__packed

__packed 修飾子を指定すると、すべての有効型の境界整列が 1 に設定されます。したがって、以下のようになります。

構造体または共用体が __packed 修飾子を使用して宣言されている場合、そのすべてのメンバに __packed 修飾子が適用されます。メンバ間にも構造体の終わりにもパディングは挿入されません。パック構造体のすべてのサブ構造体は、__packed を使用して宣言する必要があります。非パック構造体の整数サブフィールドは個々にパックできます。

Show/hide使用法

__packed 修飾子は、構造体を外部のデータ構造体にマップしたり、非境界整列データにアクセスしたりする際に使用すると効果的ですが、非境界整列アクセスにかかるコストが比較的高いため、一般的には、データサイズの削減には効果がありません。非境界整列アクセスの数は、パックする必要のある構造体にフィールドをパックすることによってのみ減らすことができます。

Note

ハードウェアで非境界整列アクセスをサポートしていない ARM プロセッサ(ARMv6 以前のプロセッサなど)では、コードサイズおよび実行速度において、非境界整列データへのアクセスにコストがかかる場合があります。コードサイズの増大とパフォーマンスの低下を避けるため、パック構造体を介したデータアクセスは最小限に抑える必要があります。

Show/hide制約条件

__packed を使用する場合は、以下の制限が適用されます。

  • __packed 修飾子は、前に __packed を使用せずに宣言された構造体には使用できません。

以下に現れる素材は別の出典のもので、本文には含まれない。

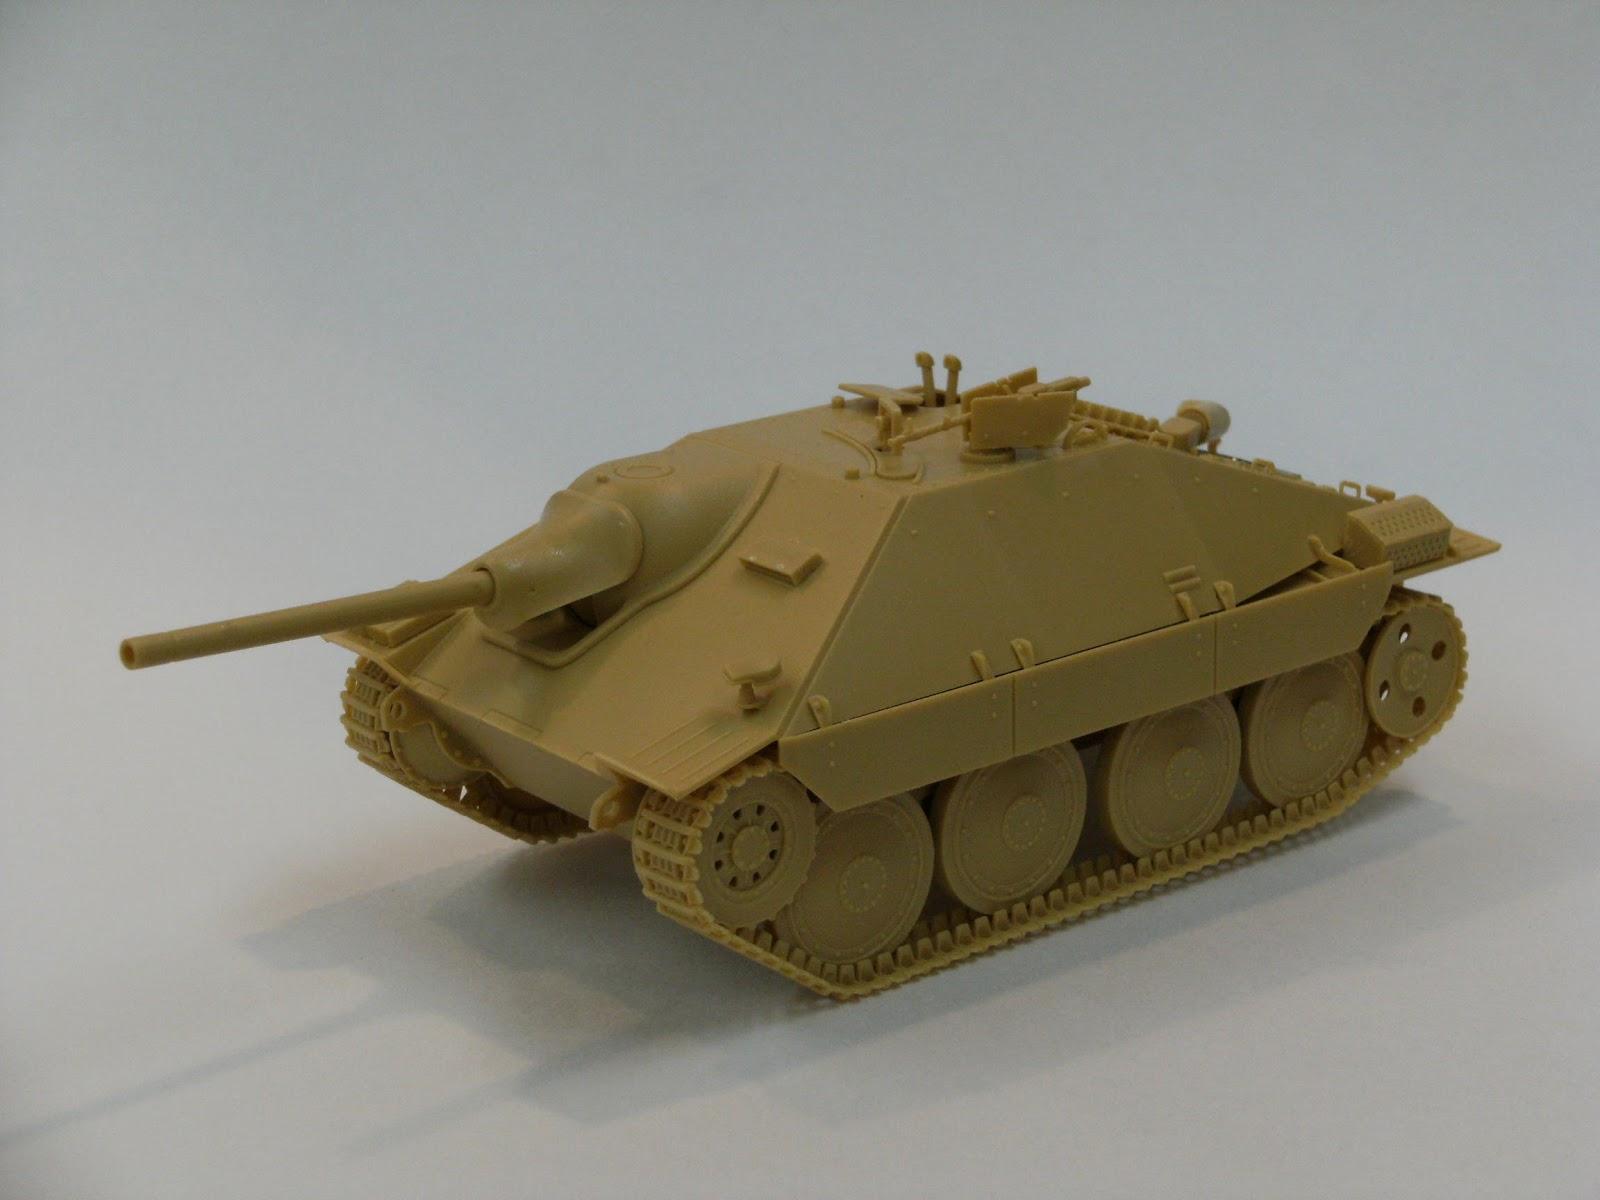 軽駆逐戦車ヘッツァーの画像 p1_17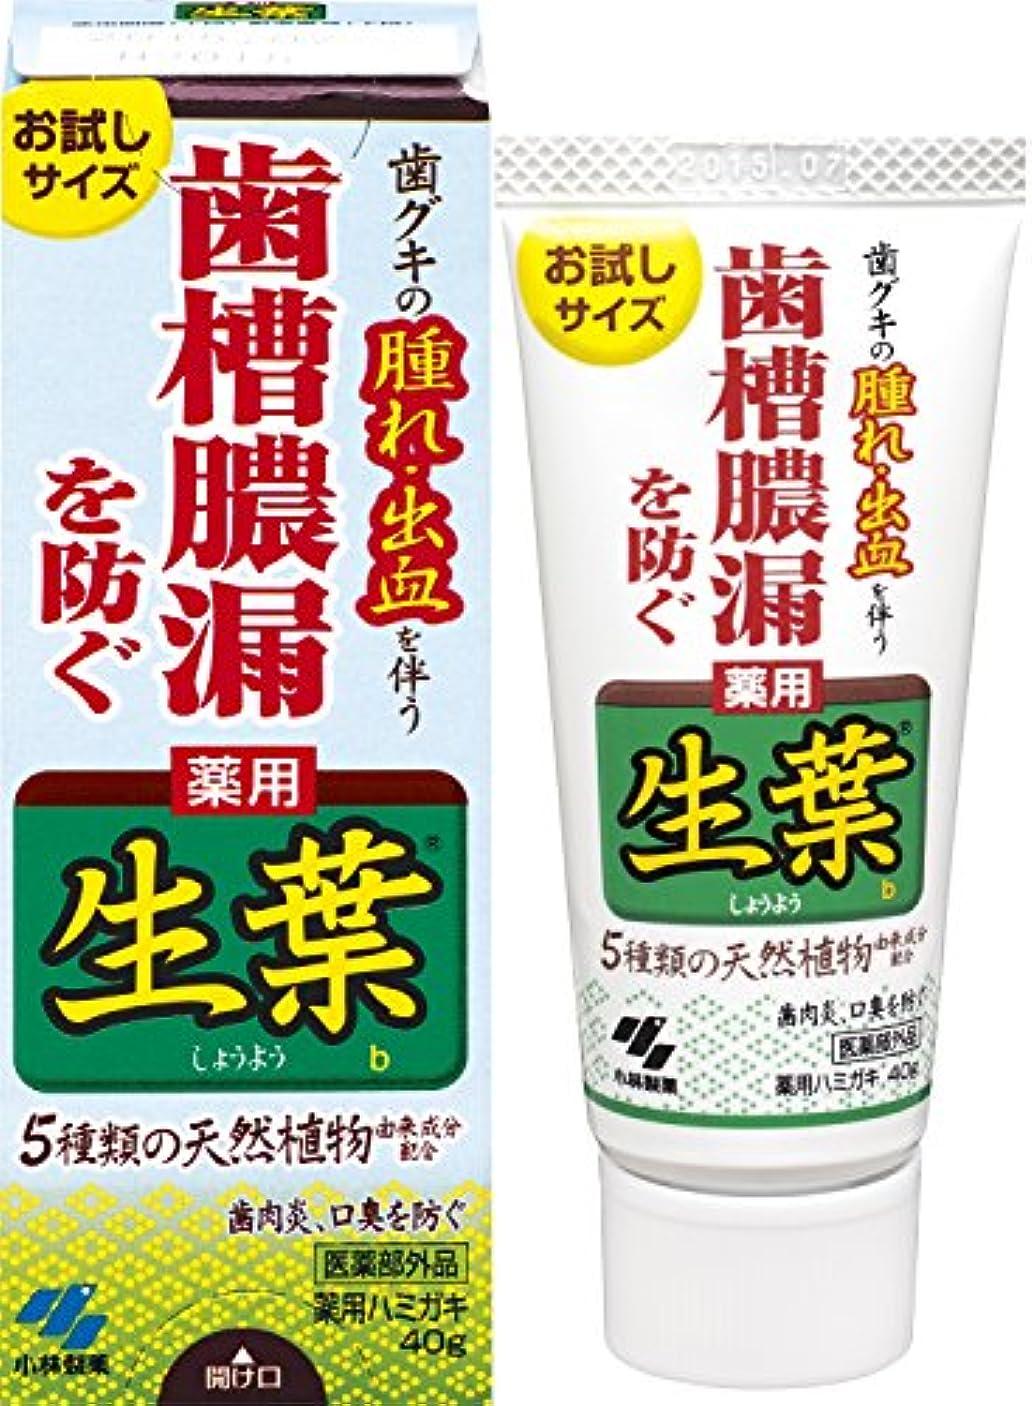 ダイヤル種をまくセグメント生葉(しょうよう)お試しサイズ 歯槽膿漏を防ぐ 薬用ハミガキ ハーブミント味 40g 【医薬部外品】

  • 他の型修飾子とは異なり、構造体の型については、同じ型について __packed バージョンと __packed 以外のバージョンの両方を使用することはできません。

  • __packed 修飾子は、整数型のローカル変数には影響しません。

  • パック構造体または共用体は、対応する非パック構造体との代入互換性はありません。構造体によって使用されるメモリレイアウトは異なるため、パック構造体を非パック構造体に割り当てるには、フィールドごとにコピーする以外に方法はありません。

  • char 型を除き、__packed を使用しない場合のキャストの影響については定義されていません。非パック構造体をパック構造体にキャストした場合、またはパック構造体をパック構造体にキャストした場合の影響についても定義されていません。非パック整数型へのポインタは、明示的、暗示的を問わず、パック整数型へのポインタに適切にキャストできます。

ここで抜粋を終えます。